И неужели я должен был просто подписать и молча уйти? Я взглянул на майора – не скажет ли он мне чего, не пояснит ли? Нет, он не собирался. Он уже надзирателю в дверях кивнул готовить следующего.

Чтоб хоть немножко придать моменту значительность, я спросил его с трагизмом:

– Но ведь это ужасно! Восемь лет! За что?

И сам услышал, что слова мои звучат фальшиво: ужасного не ощущал ни я, ни он.

– Вот тут, – ещё раз показал мне майор, где расписаться.

Я расписался. Я просто не находил – что б ещё сделать?

– Но тогда разрешите, я напишу здесь у вас обжалование. Ведь приговор несправедлив.

– В установленном порядке, – механически подкивнул мне майор, кладя мою бумажёнку в левую стопку.

– Пройдите! – приказал мне надзиратель.

И я прошёл.

(Я оказался не находчив. Георгий Тэнно, которому, правда, принесли бумажку на двадцать пять лет, ответил так: "Ведь это пожизненно! В былые годы, когда человека осуждали пожизненно – били барабаны, созывали толпу. А тут как в ведомости за мыло – двадцать пять и откатывай!"

Арнольд Раппопорт взял ручку и вывел на обороте: "Категорически протестую против террористического незаконного приговора и требую немедленного освобождения". Объявляющий сперва терпеливо ждал, прочтя же – разгневался и порвал всю бумажку вместе с выпиской. Ничего, срок остался в силе: ведь это ж была копия.

А Вера Корнеева ждала пятнадцати лет и с восторгом увидела, что в бумажке пропечатано только пять. Она засмеялась своим светящимся смехом и поспешила расписаться, чтоб не отняли. Офицер усомнился: "Да вы поняли, чту я вам прочёл?" – "Да, да, большое спасибо! Пять лет исправительно-трудовых лагерей!"

Яношу Рожашу, венгру, его десятилетний срок прочитали в коридоре на русском языке и не перевели. Расписавшись, он не понял, что это был приговор, долго потом ждал суда, ещё позже в лагере смутно вспомнил этот случай и догадался.)

Я вернулся в бокс с улыбкой. Странно, с каждой минутой я становился всё веселей и облегчённей. Все возвращались с червонцами, и Валентин тоже. Самый детский срок из нашей сегодняшней компании получил тот рехнувшийся бухгалтер (до сих пор он сидел невменяемый).

В брызгах солнца, в июльском ветерке всё так же весело покачивалась веточка за окном. Мы оживлённо болтали. Там и сям всё чаще возникал в боксе смех. Смеялись, что всё гладко сошло; смеялись над потрясённым бухгалтером; смеялись над нашими утренними надеждами и как нас провожали из камер, заказывали условные передачи – четыре картошины! два бублика!

– Да амнистия будет! – утверждали некоторые. – Это так, для формы, пугают, чтоб крепче помнили. Сталин сказал одному американскому корреспонденту…

– А как корреспондента фамилия?

– Фамилию не знаю…

Тут нам велели взять вещи, построили по двое и опять повели через тот же дивный садик, наполненный летом. И куда же? Опять в баню!

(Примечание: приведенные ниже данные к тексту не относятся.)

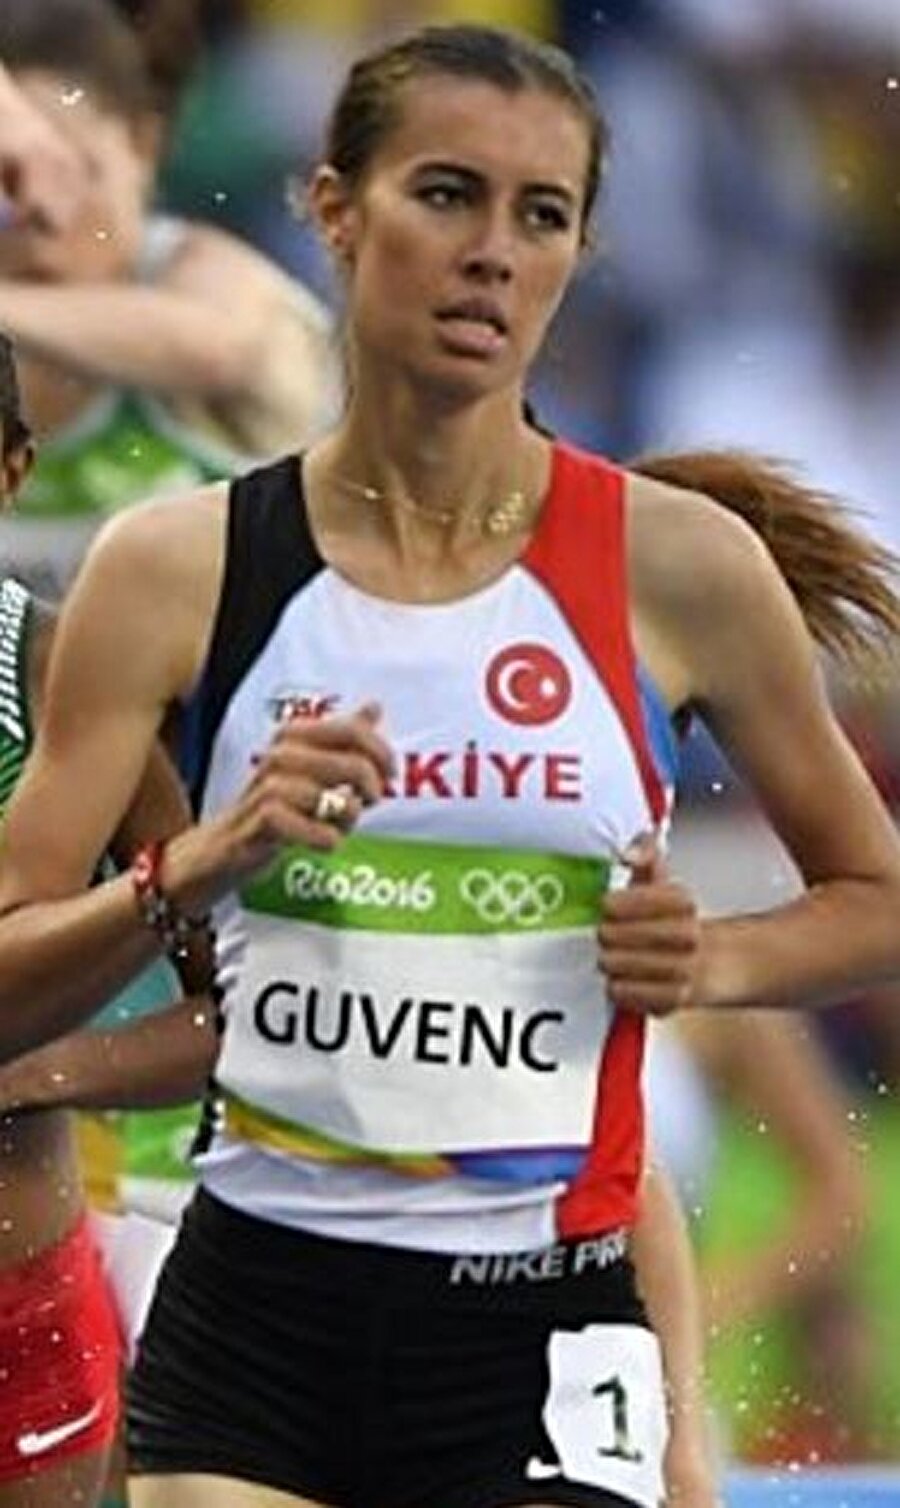 3 sporcumuz veda etti
Kadınlar 3 bin metre engelli branşında Türkiye'yi temsil eden Özlem Kaya, Tuğba Güvenç ve Meryem Akdağ elemeleri geçemedi ve oyunlara veda etti.

Это привело нас уже к раскатистому хохоту – ну и головотяпы! Хохоча, мы разделись, повесили одёжки наши на те же крючки и их закатили в ту же прожарку, куда уже закатывали сегодня утром. Хохоча, получили по пластинке гадкого мыла и прошли в просторную гулкую мыльню смывать девичьи гульбы. Тут мы оплескивались, лили, лили на себя горячую воду и так резвились, как если б это школьники пришли в баню после последнего экзамена. Этот очищающий, облегчающий смех был, я думаю, даже не болезненным, а живой защитой и спасением организма.

Вытираясь, Валентин говорил мне успокаивающе, уютно:

– Ну ничего, мы ещё молодые, ещё будем жить. Главное – не оступиться теперь. В лагерь приедем – и ни слова ни с кем, чтобы нам новых сроков не мотали. Будем честно работать – и молчать, молчать.

И так он верил в эту программу, так надеялся, невинное зёрнышко промеж сталинских жерновов! Хотелось согласиться с ним, уютно отбыть срок, а потом вычеркнуть пережитое из головы.

Но я начинал ощущать в себе: если надо не жить для того, чтобы жить, – то и зачем тогда?…

 

* * *

 

Нельзя сказать, чтобы ОСО придумали после революции. Ещё Екатерина II дала неугодному ей журналисту Новикову пятнадцать лет, можно сказать – по ОСО, ибо не отдавала его под суд. И все императоры по-отечески нет-нет да и высылали неугодных им без суда. В 60-х годах XIX века прошла коренная судебная реформа. Как будто и у властителей и у подданных стало вырабатываться что-то вроде юридического взгляда на общество. Тем не менее и в 70-х и в 80-х годах Короленко прослеживал случаи административной расправы вместо судебного осуждения. Он и сам в 1876 году с ещё двумя студентами был выслан без суда и следствия по распоряжению товарища министра государственных имуществ (типичный случай ОСО). Без суда же в другой раз он был сослан с братом в Глазов. Короленко называет нам Фёдора Богдана – ходока, дошедшего до самого царя и потом сосланного; Пьянкова, оправданного по суду, но сосланного по высочайшему повелению; ещё несколько человек.

Таким образом традиция была, но слишком расхлябанная. И потом эта обезличка: кто же был ОСО? То царь, то губернатор, то товарищ министра. И потом, простите, это не размах, если можно перечислить имена и случаи.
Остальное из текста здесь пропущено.